Simplifying the Diagnosis of Diabetes Insipidus in Children

Author Affiliations

From the Departments of Pediatrics (Drs Richman, Post, and Hochberg), Medicine (Dr Notman), and Physiology (Dr Richman), State University of New York, Upstate Medical Center, and the Veterans Administration Medical Center (Dr Moses), Syracuse, NY.
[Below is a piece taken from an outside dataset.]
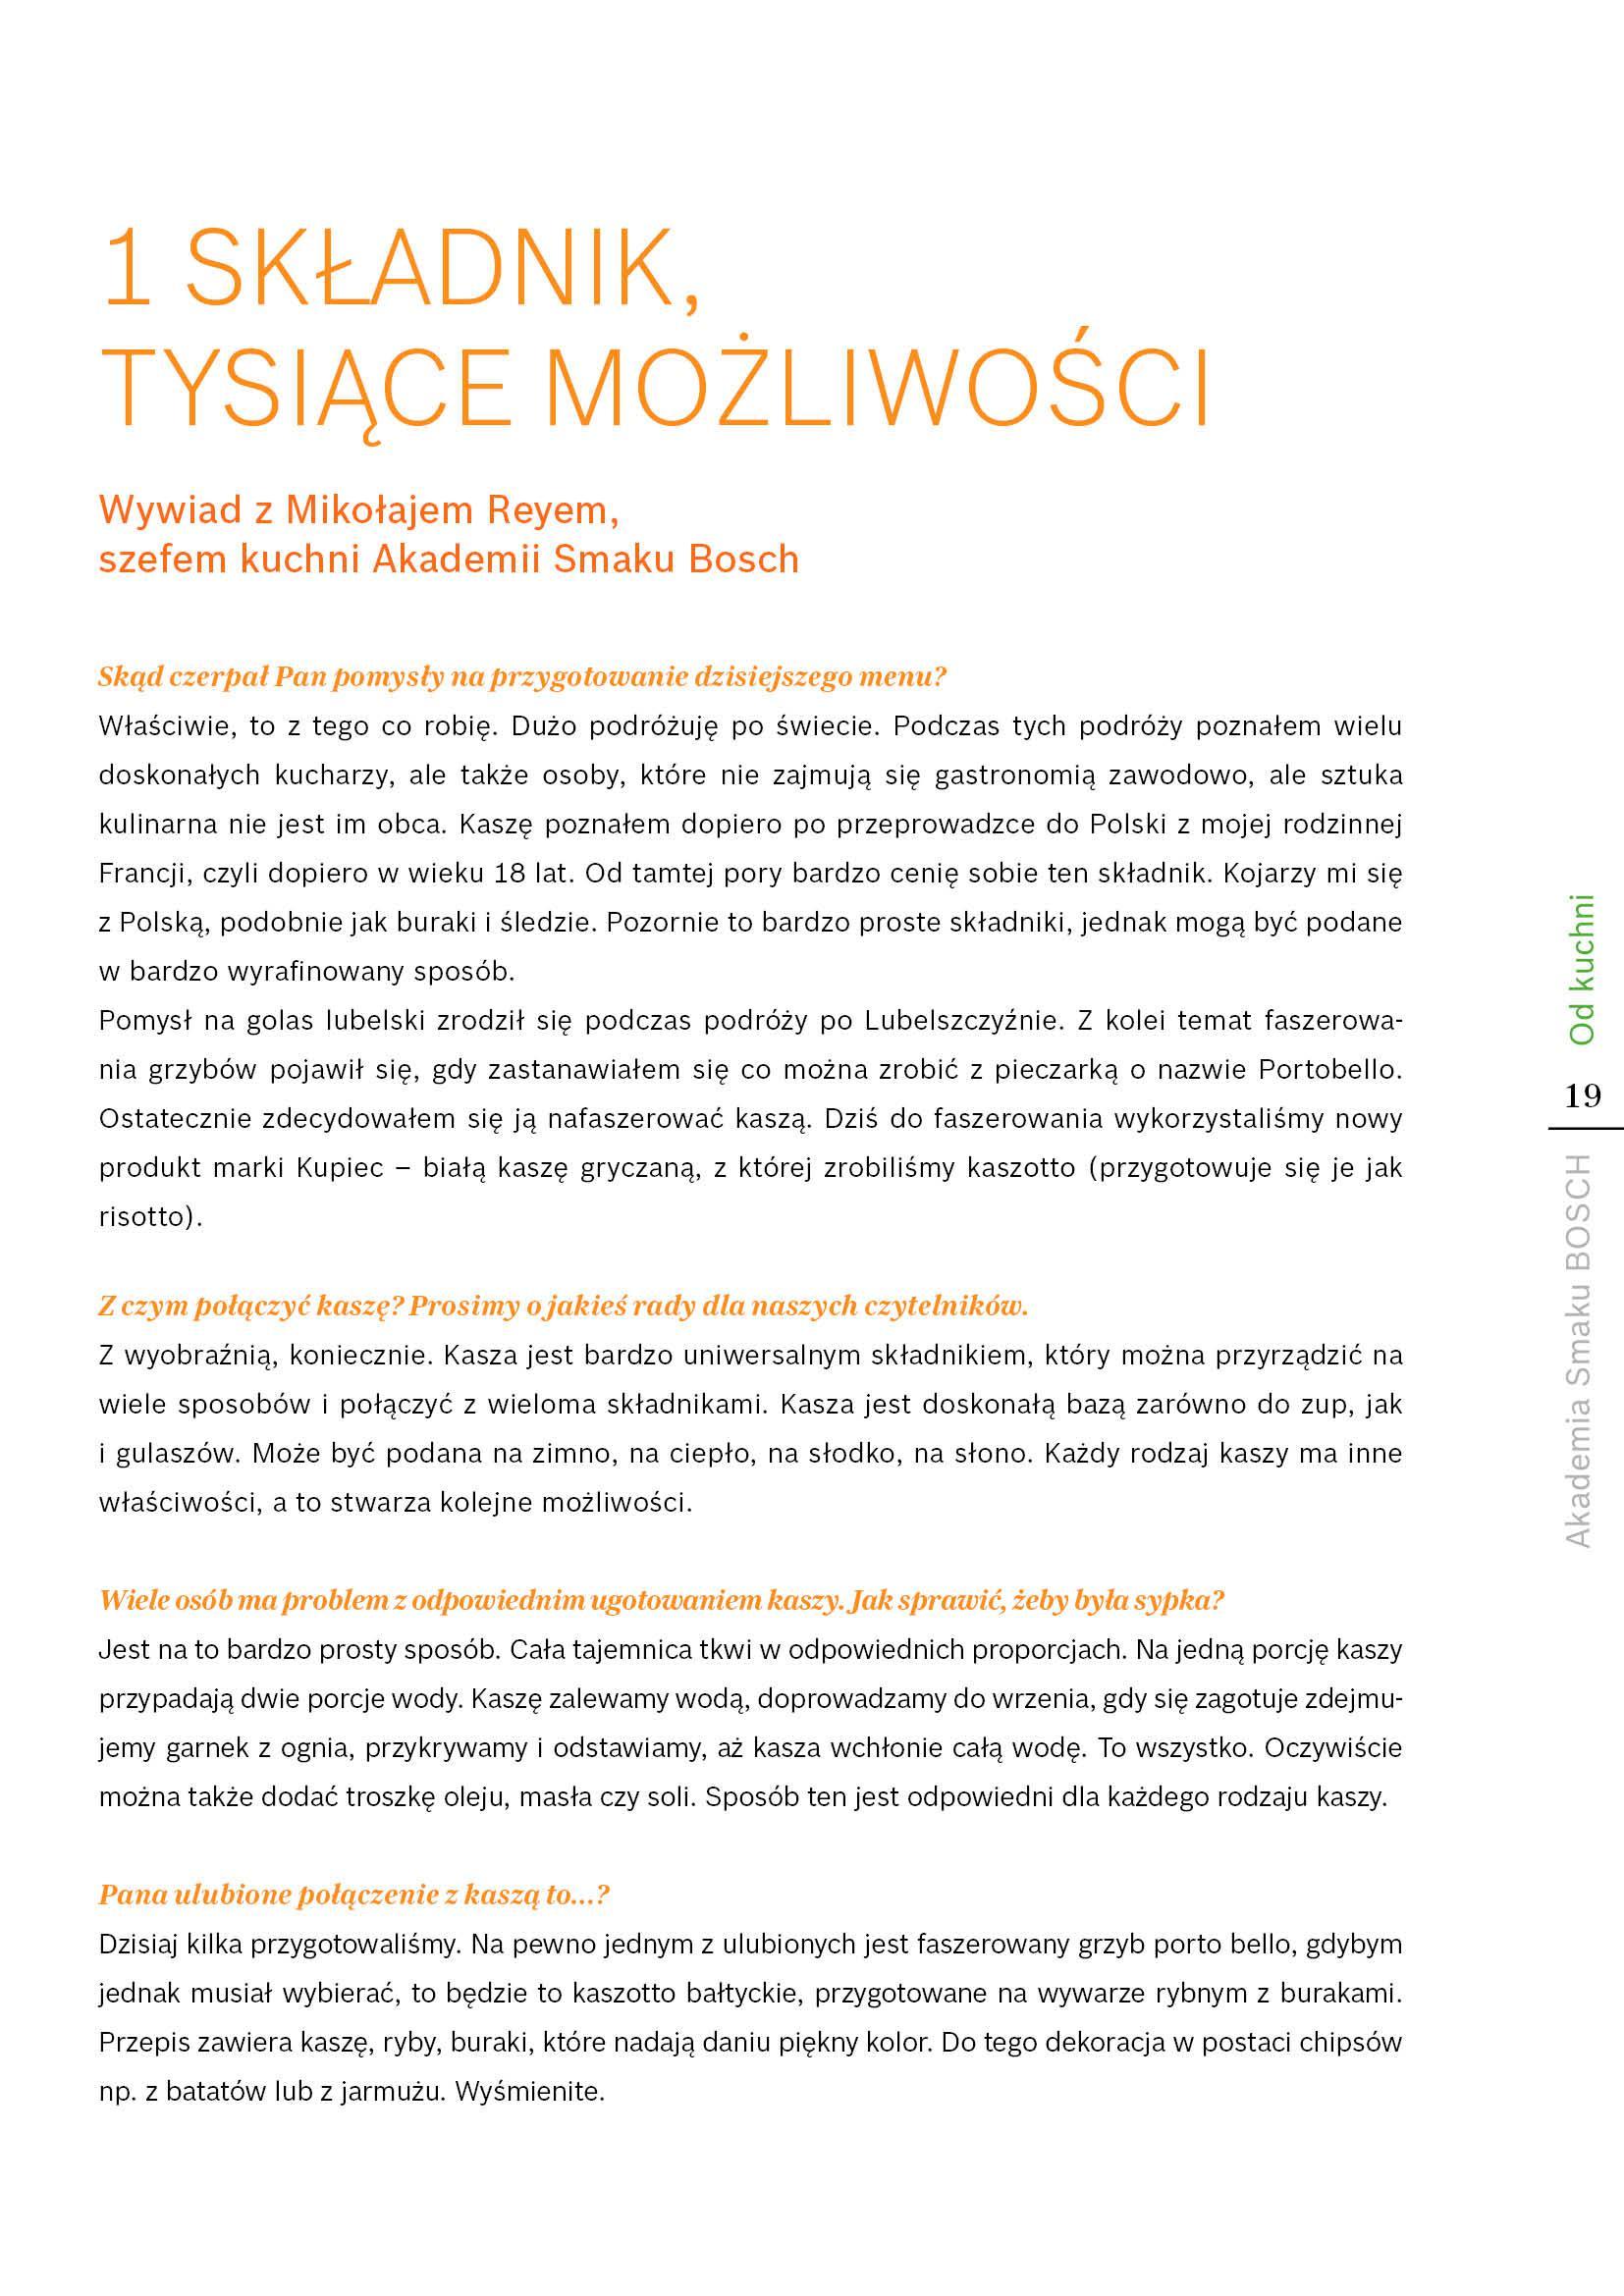 Nasza Kasza - Strona 19

Am J Dis Child. 1981;135(9):839-841. doi:10.1001/archpedi.1981.02130330049016

• We simplified the procedure for identifying children with diabetes insipidus by using the relationship between urine and plasma osmolality (Uosm and Posm). We defined the normal Uosm-Posm relationship as the area within the 95% confidence regions for pairs of osmolality measurements obtained from normal children during periods of free access to fluids and after oral hydration. In 13 patients with diabetes insipidus, Uosm-Posm coordinates were outside these regions in 50 of 64 pairs (one to ten per patient) during periods of free access to fluids. After three hours of fluid deprivation, the Uosm-Posm relationship was abnormal in 12 patients; the 13th was unable to void. For those with a normal Posm, and Uosm less than Posm, another pair of osmolality measurements after three hours of fluid restriction should determine the diagnosis.